Отчасти с Литвином сложно было не согласиться. От Владимира издавна толку не было, а Святой Руси его земли приносили пользу лишь как буфер между ней и великим соседом. Но и отдать её стало бы фатальным ущербом для репутации князя. Даже выпустить в суверенное плаванье не представлялось возможным. Сегодня ты своему имуществу волю дал, завтра на него сосед руку наложил и получается, что вроде как отобрал, будто у слабого. Таким путём и другие захотят пойти, ведь все здоровые организмы хотят жрать и расти. Значит, послезавтра прощупают на предмет отделения следующего куска территории. Поначалу мирно, обосновывая его неэффективность и вообще ненужность, или выдвинут давно забытые исторические претензии, вспомнить о которых раньше в голову придти не могло. Если борзым соседям сразу укорот не дать, они обнаглеют до вооружённой провокации. Говорят некоторые источники, так и случилось перед Большим Пиндецом.
«Князь слабину даёт, а это гибель, — подумал Щавель. — С одной стороны, не просто так он меня с отрядом направил. Кому-то нужно быть любимым народом, а кто-то должен быть спасителем Отечества».
Возле большого каменного Круга свернули налево и встали перед вратами Централа. В лицо задул холодный ветер северный, сырой, резкий как понос и плотный, почти как вода. Он выталкивал ратников с улицы, словно хотел прогнать. С неба полетела морось и немедленно захотелось под крышу. Дружинники пригнулись к шее коней, сощурились от летящей в глаза дряни. Лица сделались злыми.

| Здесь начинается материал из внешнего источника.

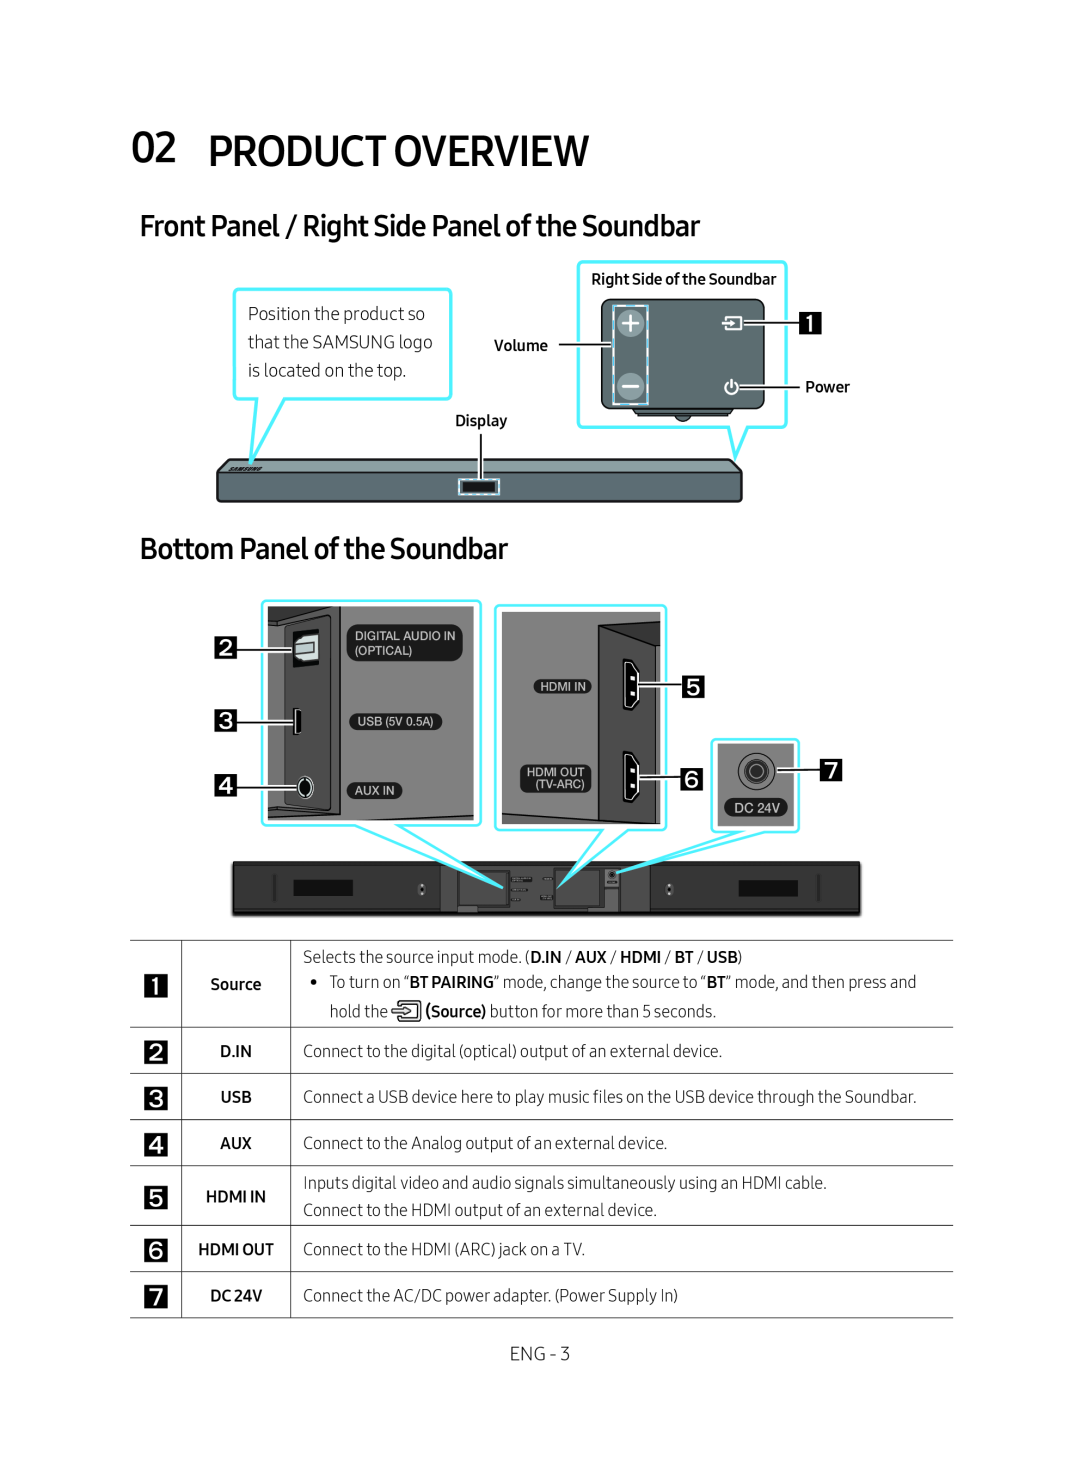 Front Panel / Right Side Panel of the Soundbar Standard HW-MM45C

Карп вышел из комендатуры. За ним следовал гражданин начальник.
— Здравия желаю!
Хозяин был кряжистый, прогнивший тюремщик с кустистыми бровями и красным носом картошкой. Допиндецового покроя китель, зелёные портки, заправленные в высокие, начищенные до зеркального блеска сапоги, и картуз-аэродром с красным околышем делали его похожим на замшелый пень. Китель был перетянут портупеей из коричневых ремней, на поясе висела кобура с короткостволом, придававшая пню вид бравый. Застыв на крыльце, гражданин начальник по-хозяйски засунул большие пальцы за ремень, разгладил китель, безошибочно впился взглядом маленьких голубых глаз-буравчиков в немолодого, потрёпанного жизнью всадника в одежде цвета сосновой коры.
Щавель кивнул.
— И тебе здравствовать, уважаемый.
Литвин отдал начальнику тюрьмы воинское приветствие, однако тот лишь мазнул сотника липким запоминающим взором и снова уставился на командира.

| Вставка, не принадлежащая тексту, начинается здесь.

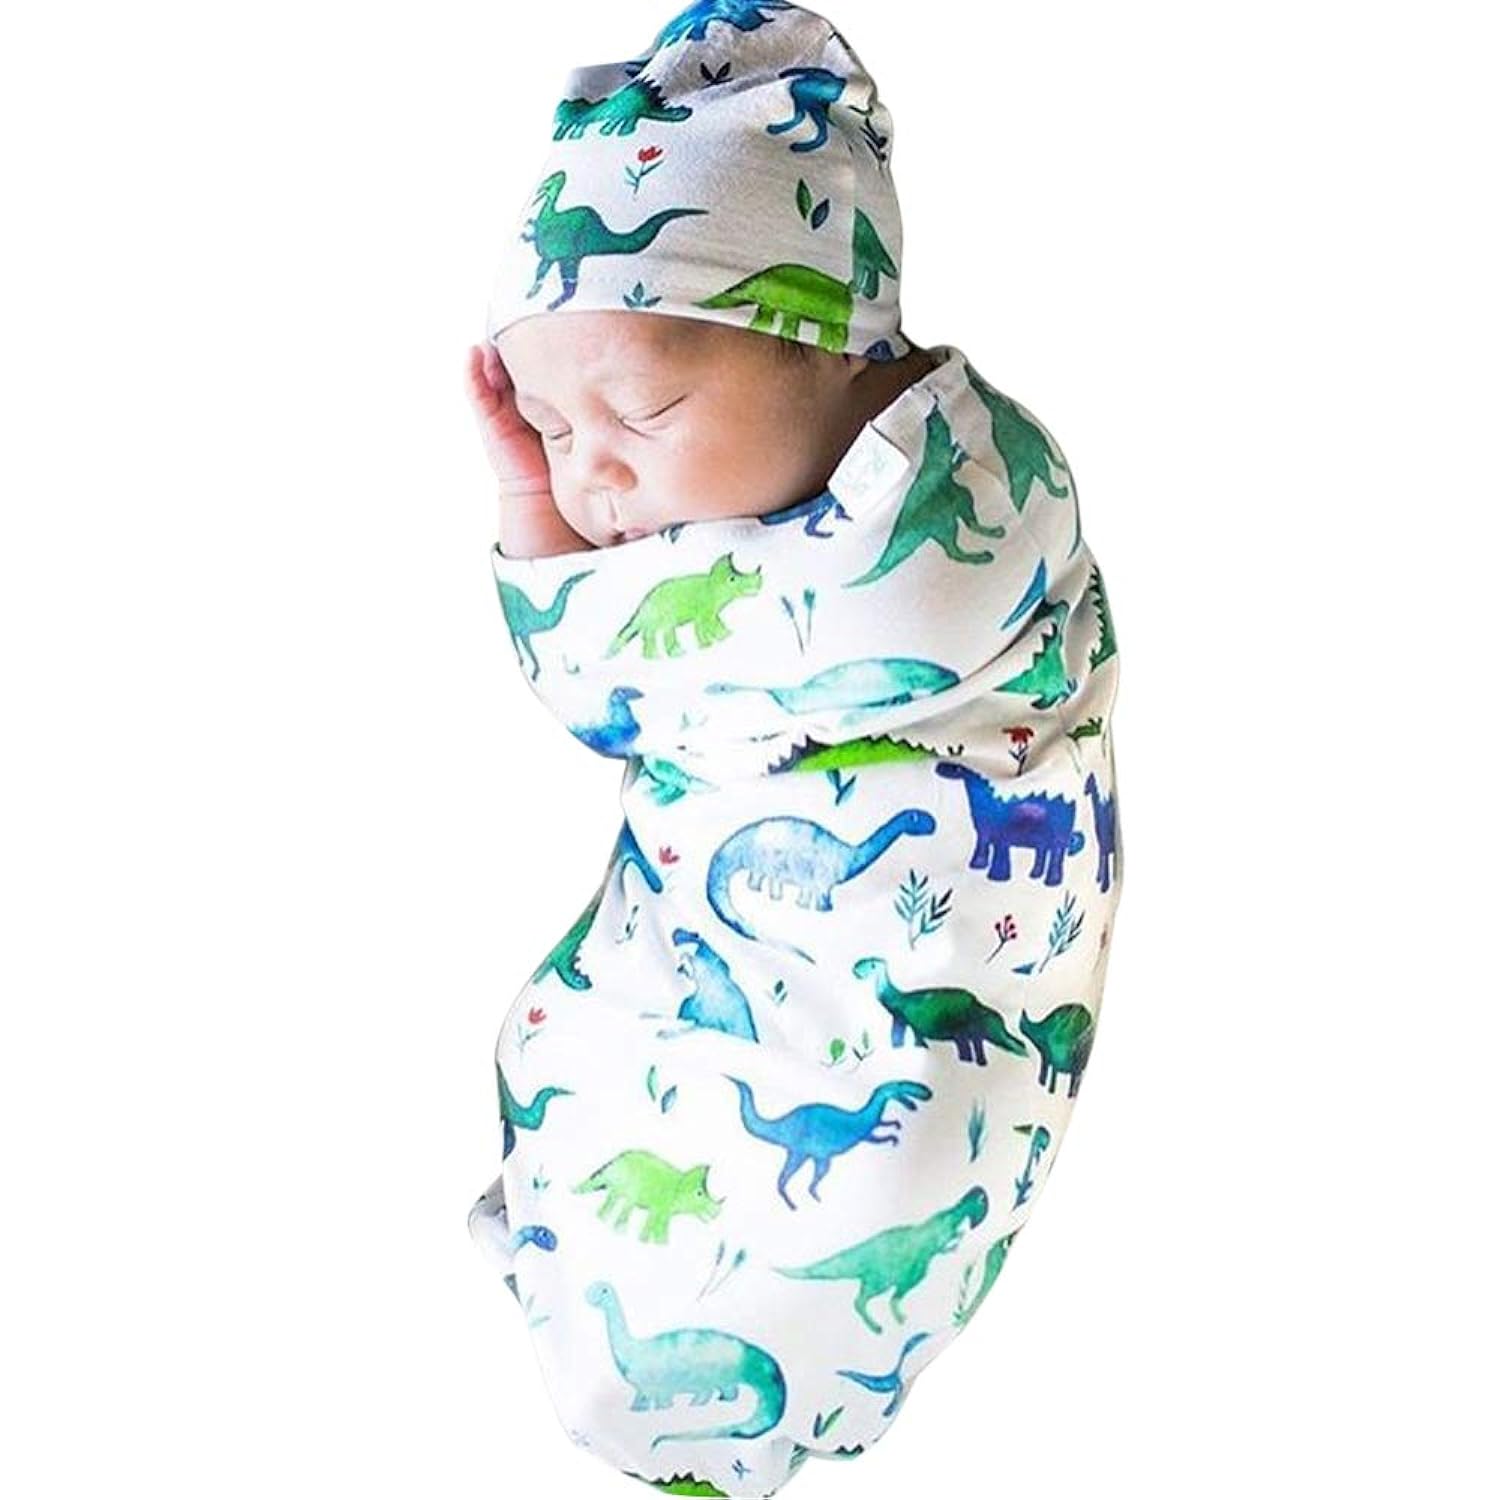 TKM Home Newborn Baby Swaddle Sack With Hat Or Headband Set Soft Sleeping Bag Sack Wrap One Size Dinosaur

— Как устроитесь, прошу ко мне в кабинет, — пригласил тюремщик и развернул корягу плеч к воротам. — Чего замёрзли там?! Чья смена?
Не столько устрашённые начальственным окриком, сколько получившие условный сигнал, владимирские стражники выдвинули засов. Воротины распахнулись. Караван втянулся во внешний двор тюрьмы.
Внешний двор с казармами и конюшней отделяла от внутреннего двора трёхсаженная кирпичная стена с охранными заклинаниями поверху. За стеною высился Централ. На уютном внутреннем дворе торчала на эшафоте виселица, её верная подруга плаха, рядом стояло колесо и заскорузлый кол — весь набор для воздаяния по заслугам. Туда выходили окна камер государственных преступников, с которыми князю по каким-то причинам не хотелось расставаться. Обслуживали их урки попроще, а стерегла весь этот сброд надёжная свора хозяина, набранная из потомственных цириков с далёких вологодских земель.